On a somewhat related side note: The SEC yesterday announced that they were bringing insider-trading charges up on the Butler to American media baron Robert F. X. Sillerman. According to the SEC the butler read an incoming fax that identified a pending merger and placed a $600.00 bet on that information. The bet netted $48,000 in profit and the SEC is going after this win fall.
The irony in this is that the SEC staff is presently accused by a former SEC attorney of blocking an investigation into a 20 million dollar insider trading allegation against Morgan Stanley CEO John Mack and Hedge Fund Pequot Capital. In addition, recent news publications have exposed the serious concerns the commission claims to have over insider trading related to the relationship between banks and hedge funds based on comments made by SEC Director of Enforcement Linda Thomsen before a Senate Committee.
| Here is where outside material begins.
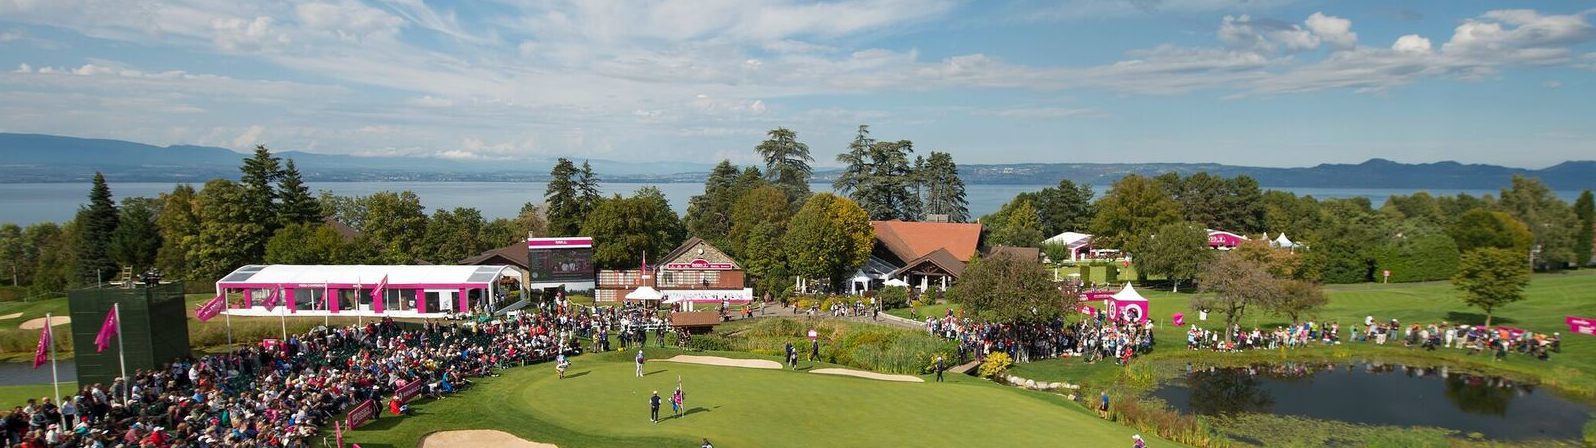 Rolex general view of 18th Green Evian

Thomsen comments regarding insider trading, "One such area involves insider trading by hedge funds-an area of significant concern to the Commission." And with the enforcement cases known to date, this insider trading activity nets the low level hedge fund and not the member participant acting in coordination with this hedge fund. Illegal Shorting ahead of a PIPE deal, the inside trade, REQUIRES active participation of Wall Street no matter how much denial the SEC wants to provide.
The voice of public concern by the SEC appears more like that "silent negotiation" they are having with Wall Street while the staff appears hell bent on going after the butler.